Complete book in PDF
» Feedback
Content starts here

 » Table of Contents

 » Glossary

 » Index

This section presents a selection of problems you might encounter and how to resolve them.

Cannot Contact Target Host Daemon/Agent

If you see the following error message:

ERROR:	Could not contact host <hostname>. Make sure the hostname
is correct.

it means that the hostname you specified could not be found in the hosts database. Make sure you have typed the hostname correctly (you can use the nslookup(1) command to verify hostnames). If the target hostname is not in the hosts database, but you know its network address, you can use it (in standard "dot" notation) in place of the hostname.

If you see this error message:

ERROR:		A Remote Procedure Call to a daemon has failed.  Could not
start a management session for <target>. Make sure the
host is accessible from the network, and that its daemon,
swagentd, is running. If the daemon is running see the
daemon logfile on this target for more information.

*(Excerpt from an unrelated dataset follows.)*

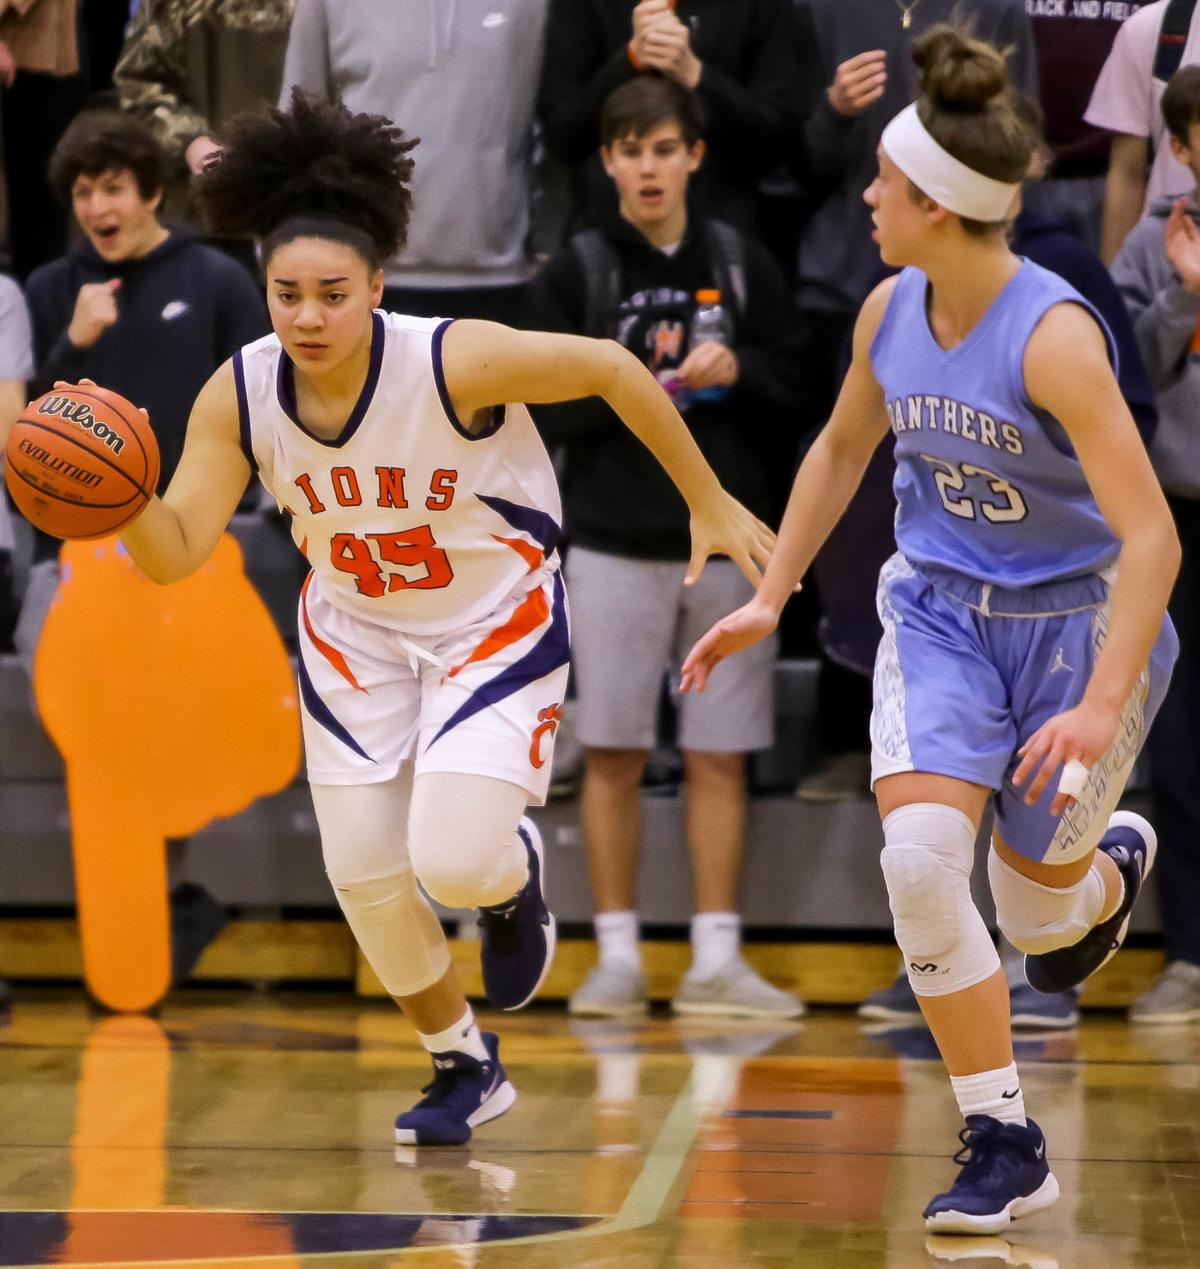 PHOTOS: Pinckneyville at Carterville Girl's Basketball

it means SD could not contact the daemon program on a specific target system. Note that this may occur even if you haven't specified any targets, for example, if the daemon on your local host is not running and the select_local option is set to "true."

Resolution:

If the SD daemon/agent is not installed on a given target system, you must install it before you can begin managing the system with SD.

If you've verified that the daemon/agent component has been installed on a target system and you still have trouble contacting it, check to see that the daemon is running:

  1. On the target system, type:

    ps -e | grep swagentd

  2. If the daemon does not appear to be running, you can start it by typing (as root on the target system):

    /usr/sbin/swagentd

  3. If you attempt to start a daemon when one is already running, you will see a message about the other daemon; this is harmless.

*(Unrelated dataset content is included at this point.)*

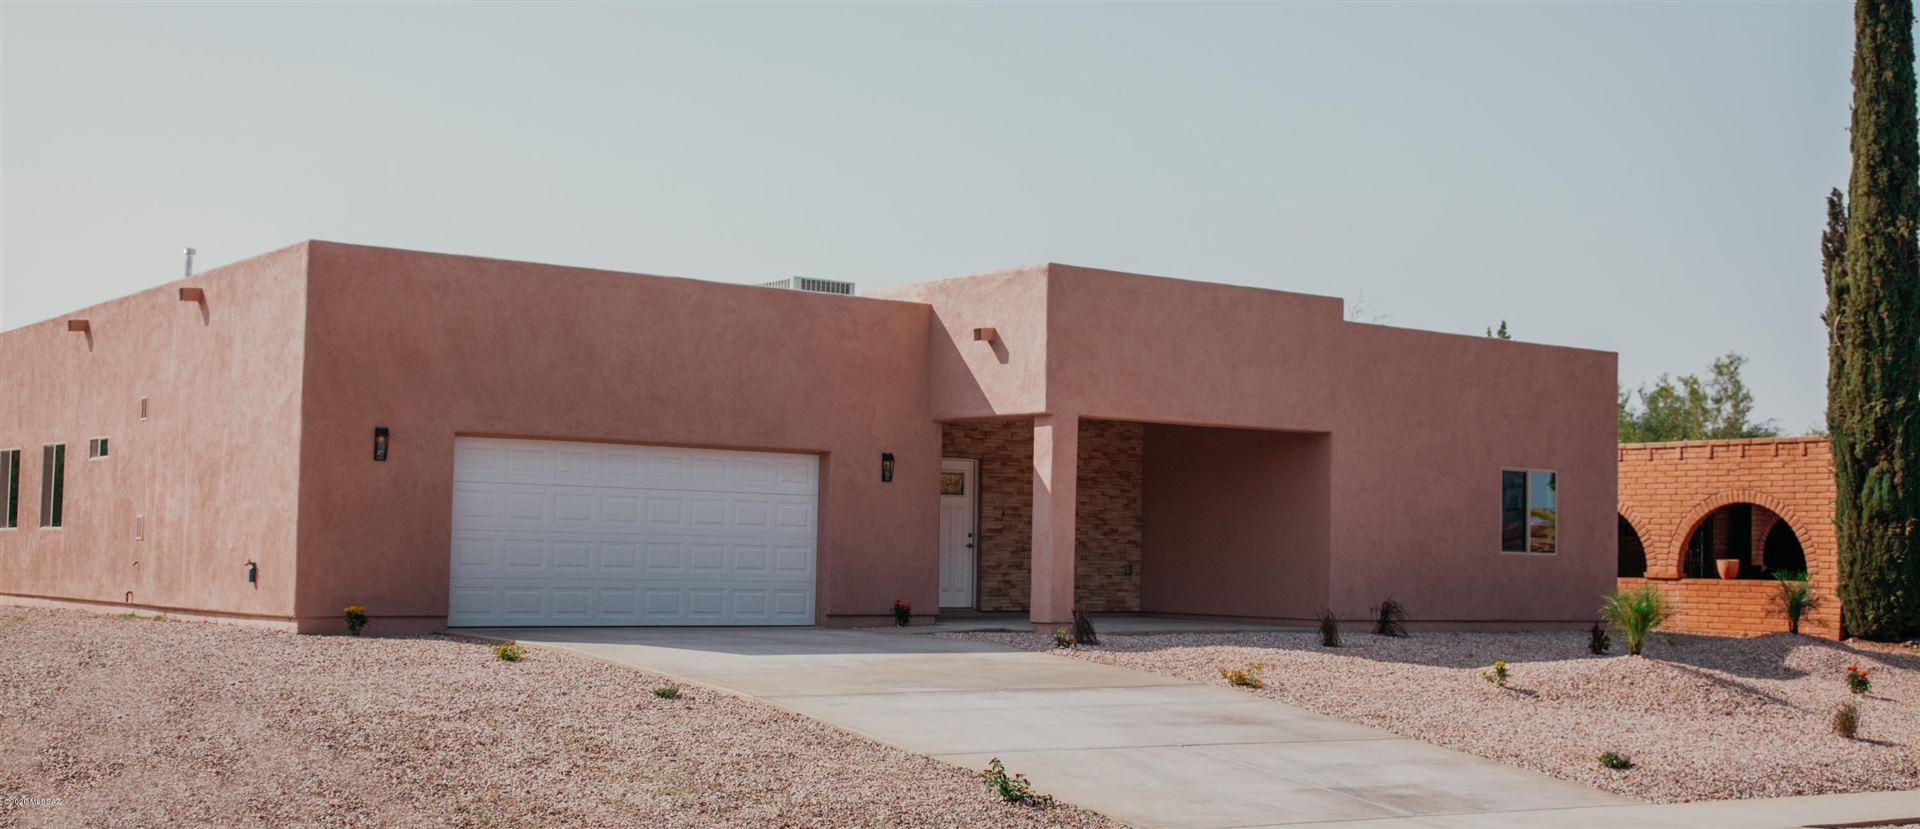 1211 N Paseo Maravilloso, Green Valley, AZ 85614 - MLS#: 22015572

    You can also kill and restart a currently running daemon by typing:

    /usr/sbin/swagent -r

Other possible causes for this problem are listed in the section “Connection Timeouts and Other WAN Problems ”.

Tip:

An easy way to determine if a target system has the SD daemon installed and running is to type:

/usr/sbin/swlist -l depot @ <one or more target hostnames>

which will attempt to contact each target to get a list of registered depots. Those targets which have the SD daemon installed will report either:

# Initializing...
# Target <hostname> has the following depot(s):
<list of depots>
.
.
.

or

# Initializing...
WARNING: No depot was found for <hostname>.

For more information on daemon activity, see the daemon logfile in /var/adm/sw/swagentd.log.

Access To An Object Is Denied

There are a number of things that can cause denial of access to SD objects.

  • ACL Permissions

    • The effects of ACL modifications

    • Modifying ACLs without using swacl

  • Inter-host Secrets

  • Working with "image" copies of depots

Resolution:

Generally, when you are denied access to an SD object, the system tells you that you do not have the required access permission for the object. Sometimes it may be unclear which object is not accessible. For example, when using swcopy to copy a product from system A to a depot, a number of ACLs may be checked:

  1. If the destination depot does NOT exist, the host ACL is checked to verify that the user has "insert" permission.

  2. If the destination depot does exist, the depot ACL is checked to verify that the user has "write" permission.

  3. The source depot's ACL is checked to make sure the user has "read" permission on the source depot.

  4. The source product's ACL is also checked to make sure that the user and the destination system both have "read" access to the product.

If any of these access permissions is absent, the whole operation is disallowed and the error message becomes critical in understanding the cause. To see more about what type of security or access problems exist, see the daemon log file on the target system: /var/adm/sw/swagentd.log

The Effects of ACL Modifications

The default SD ACLs make it fairly easy to administer ACLs, but do not always give the desired level of access control. When restricting access, especially by removing the any_other "read" permission, it is fairly easy to restrict access in unexpected ways. Remember that "host" entries are required for any destination systems for swcopy and swinstall operations.

Review Chapter 7 “Modifying IPD or Catalog Contents ” for a full discussion of the access tests performed by SD for each operation.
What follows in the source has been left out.